Он уступил, не вполне ещё сознавая, что обещает. Да, это его волей остались её мольбы без ответа. Сколько женщин призывали смерть — и передумали после. Лишь встречая их под мостом или с пузырьком лекарства в холодной руке, он до конца убеждался в их искренности, — а мисс Луиза Фостер, воротившись домой с кузиной Альтеей, не искала ни того пути, ни другого. «Истерика, потом одумается», — с кривой улыбкой похлопали по плечу призраки прошлого. Он помнил.
Ещё одетый для танца, он помог ей встать. Она вернулась в объятья зелёного кресла и снова раскрыла книгу.
— Вижу без очков, и это в моём-то возрасте. Чудо, да и только, — сказала она. И добавила: — Обещай не пугать их.
Он покорно кивнул, не понимая, и стал дамой того же возраста: в руках комок тёмной пряжи, у ног чёрный игрушечный пёсик: образ бедной родственницы, чья плата за хлебную корку и место у камелька — молчание и незаметность.

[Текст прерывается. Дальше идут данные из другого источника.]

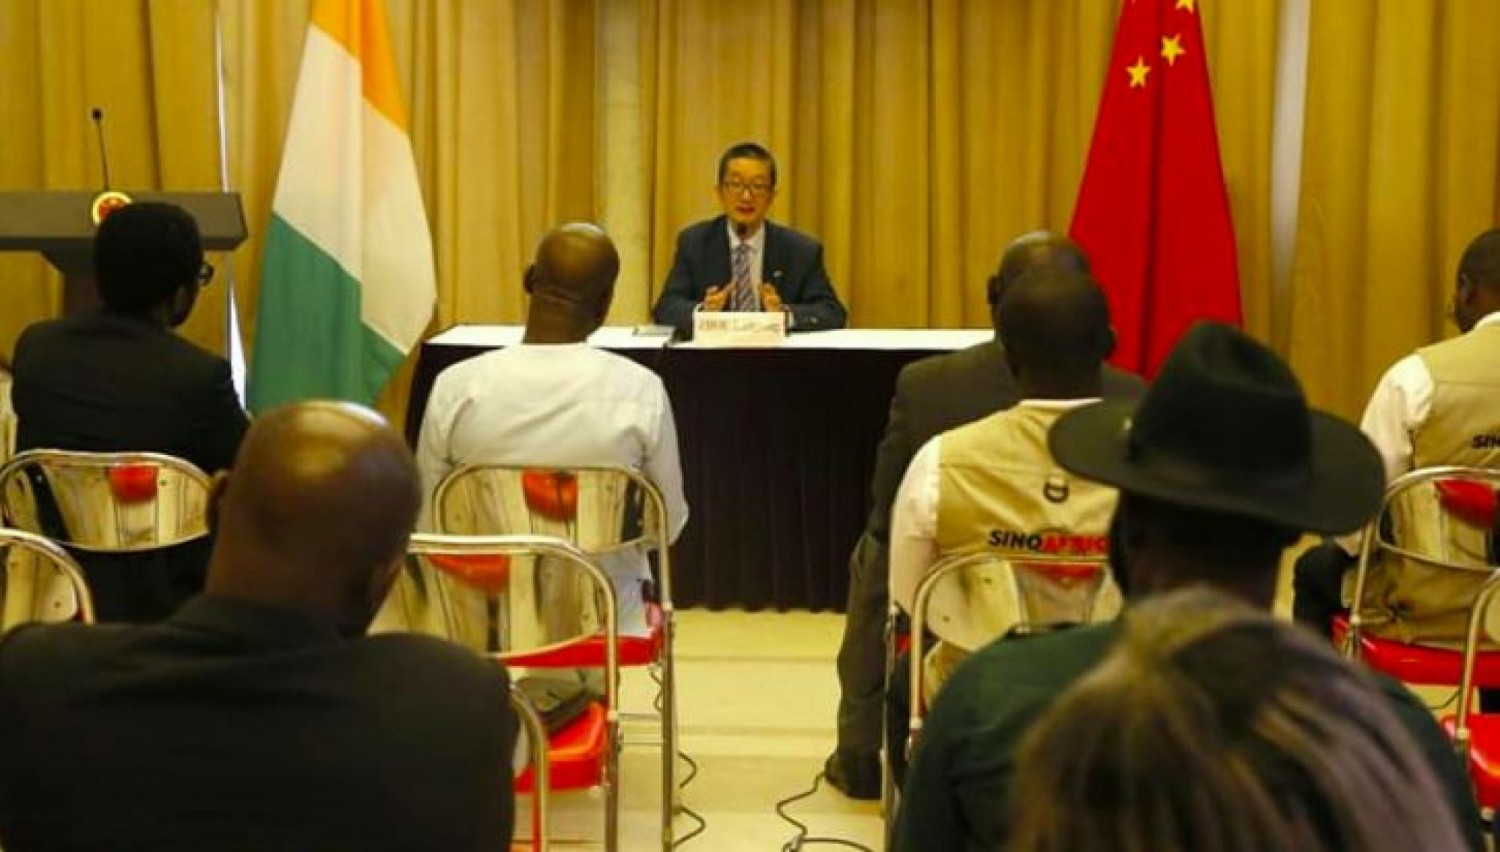 Côte d'Ivoire : Célébration des 40 ans de coopération, un diplomate Chinois avoue « l'amitié sino-ivoirienne repose sur des assises solides »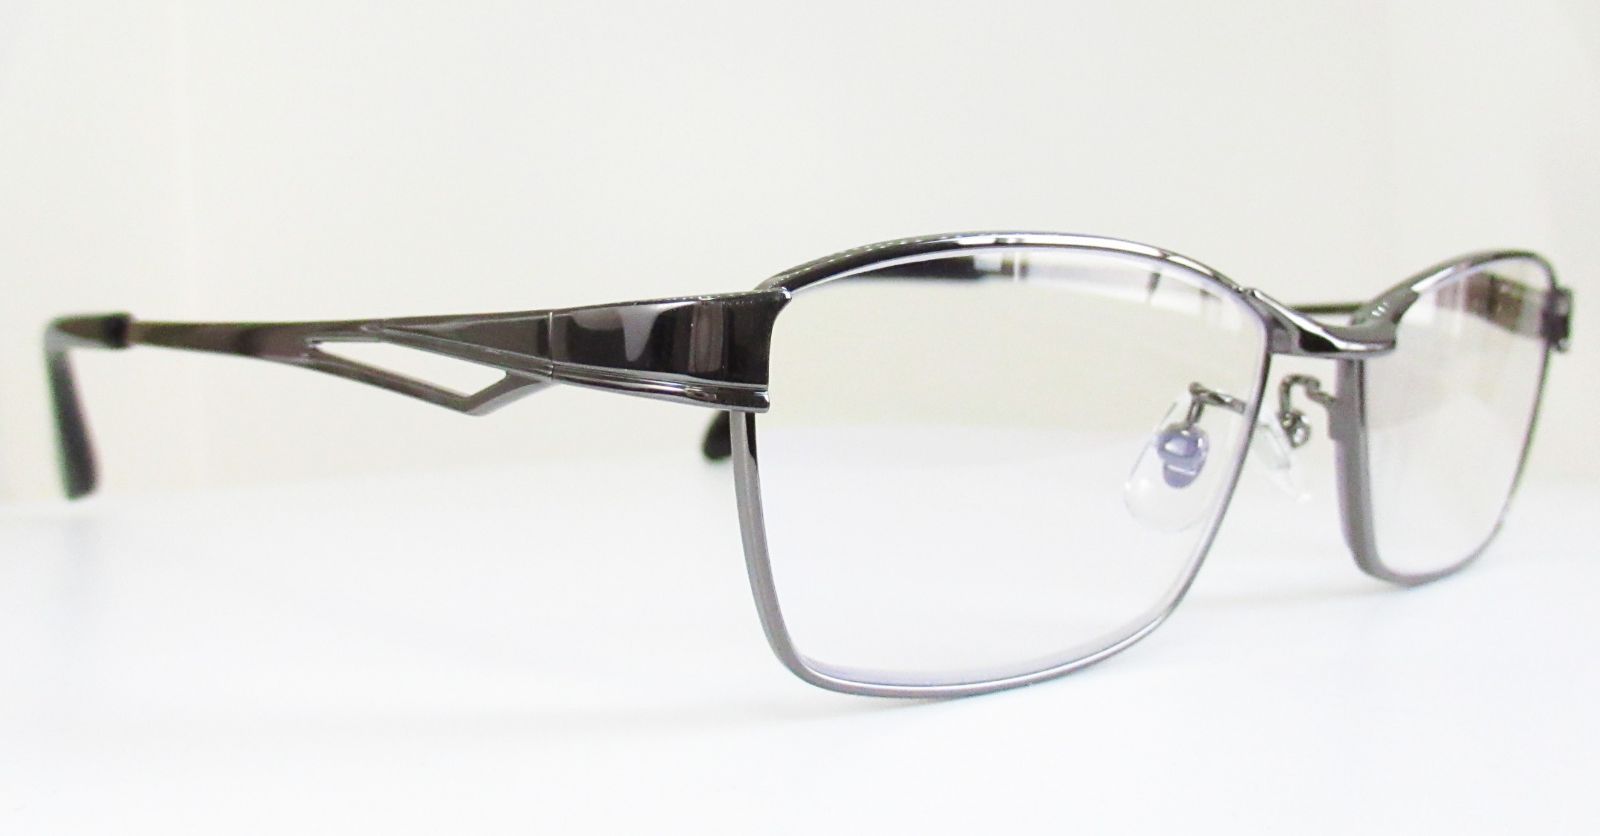 Mr.JUNKO ミスタージュンコ　紳士用 老眼鏡　◆リーディンググラス　MJ-3001R　◆ブルーライト約27%カット　◆+1.00

Часы на каминной полке пробили полночь.
Стеклянные двери скрипнули, уступая робкой детской руке. Тёмная головка заглянула в щель.
— Мама? — вздохнул ветер.
Она не подняла глаз. Провеяв над ковром, ребёнок примостился в её тени. Его голова легла на её колени, и тонкие, молочные пальчики, коим полагалось быть розовыми и пухлыми и пахнуть тальком, не плесенью, сжали её запястье.
— Почитай мне.
— Ну и ну, Дэни. Я тебе удивляюсь, — мягко пожурила она. — Знаешь ведь, мы не можем начать без твоих друзей.